21 March 2017, The Tablet

Communion debate sparked by Amoris Laetitia 'settled long ago' in Africa, says Nigerian theologian


In Africa the problem is not to do with divorced and remarried Catholics receiving the sacraments but over what to do about polygamy, says theologian


There is no debate over whether the divorced and remarried can receive communion in Africa because the issue was “settled long ago”. “They can’t”, according to the organiser of a major conference on Africa beginning in Rome this week.

“If you go to the ordinary parishes in most of Africa, you will find that people who are in the situation you’re talking about would not present themselves for Communion because they already accept that these are the rules,” Father Paulinus Odozor, a Nigerian theologian, told Crux News’ weekly radio programme, “The Crux of the Matter.”
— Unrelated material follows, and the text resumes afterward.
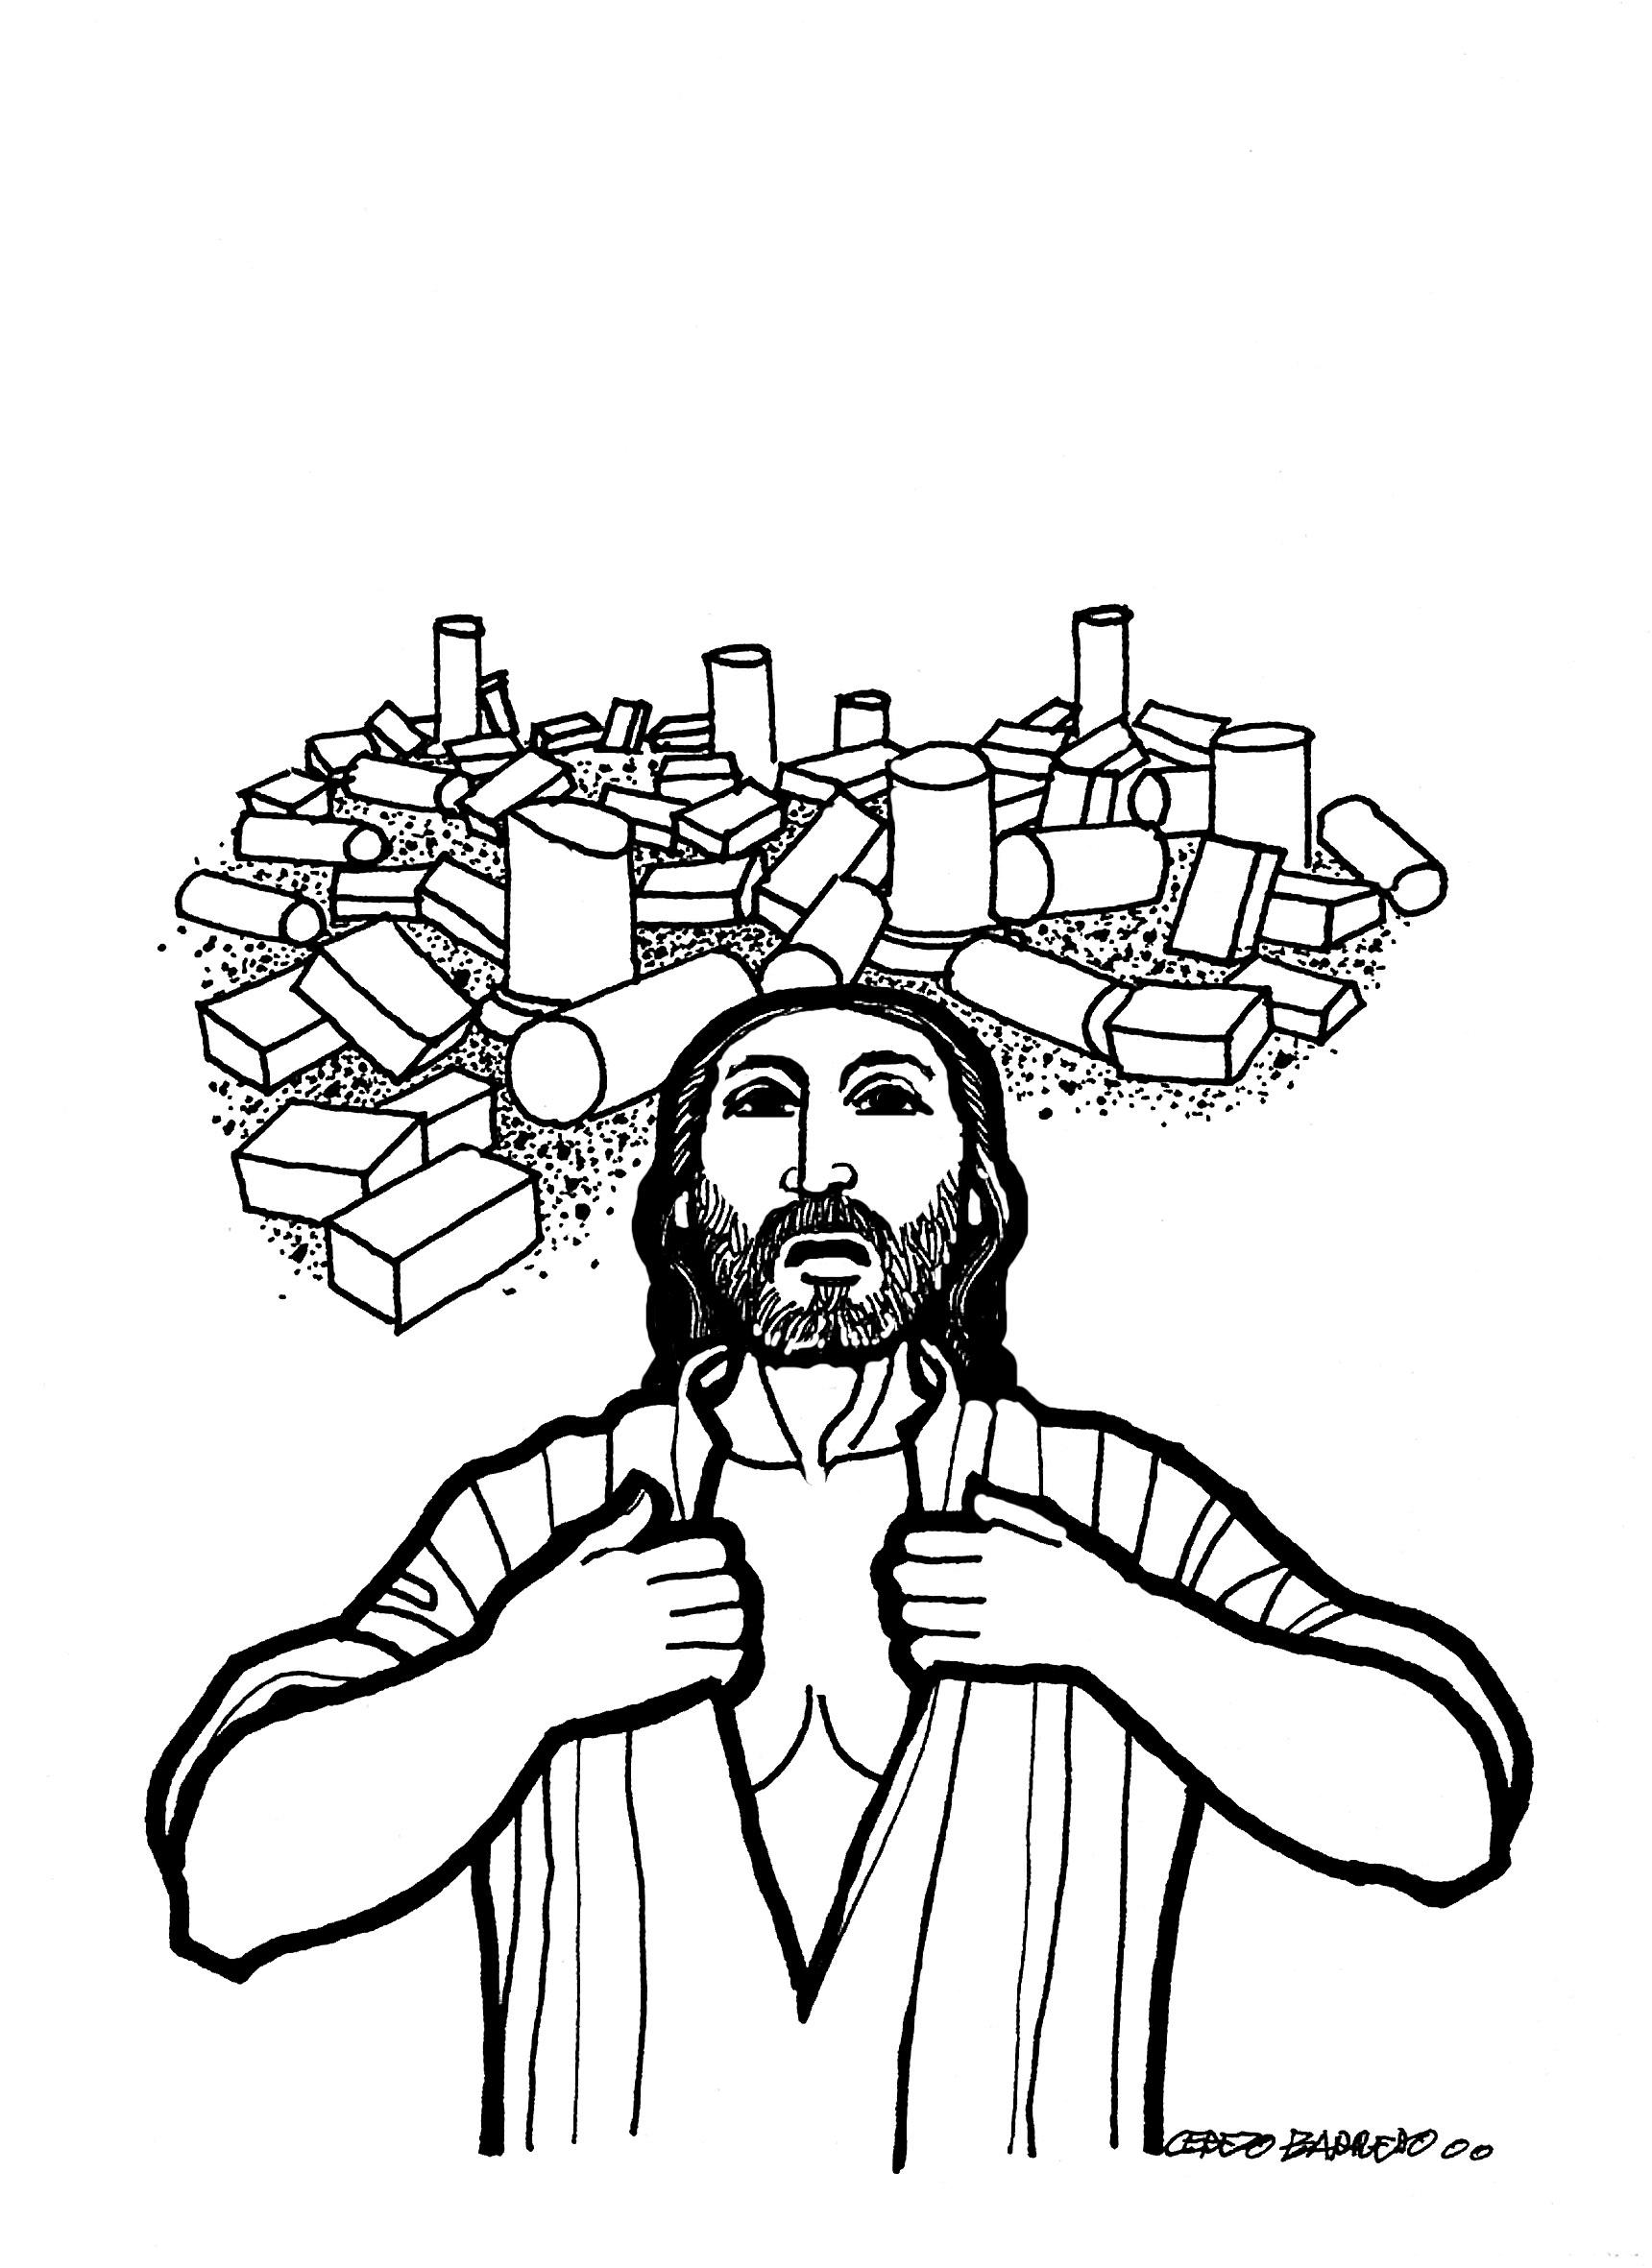 Evangelio del día - Lecturas del domingo, 14 de noviembre de 2010

Odozor is the main organiser of a three-day conference examining the past, present and future of African theology in the Catholic tradition, which starts tomorrow (22 March) at the University of Notre Dame’s Global Gateway centre.

When questioned about the debate around communion for the remarried that has been unleashed by Amoris Laetitia, Odozor, a lecturer in Christian ethics and theology at the university, said the West was prone to taking one issue and running with it, “without looking at the whole context”.

“It’s terrible, and it can be nauseating … even if there is a debate over divorced and remarried Catholics and Communion, that shouldn’t be taken out of context,” he told Crux.

The theologian explained that in Africa the problem was not with divorced and remarried Catholics receiving the sacraments but over what to do about polygamy.

Earlier this year, the Archbishop of Durban, Cardinal Wilfred Napier, said that if Pope Francis’ Amoris Laetitia allows Westerners in “irregular situations” to receive Holy Communion, the Catholic Church in Africa - which has fought a long campaign against polygamy - would lose credibility among its people. 

“If Westerners in irregular situations can receive Communion, are we to tell our polygamists & other “misfits" that they too are allowed?” the South African cardinal posted on his Twitter account on 5 January. 

 Well-known African theologian, Jesuit Fr Agbonkhianmeghe Orobator, the principal of Hekima University College in Nairobi, has said that although he believes Amoris Laetitia reaffirms in “uncompromising terms” the church's teaching on abortion, contraception, birth control, and marriage. It is also uncompromising in affirming the centrality of conscience.

“If African bishops are wise,” he told National Catholic Register last year, “ they would realise that the Pope gives them license to be creative in addressing pastoral situations of family life and marriage.”

 

PICTURE: Communion is celebrated under a tree in South Sudan. Nigerian theologian, Fr Odozor, believes the divorced and remarried in Africa would not present themselves for communion because they accept that "these are the rules."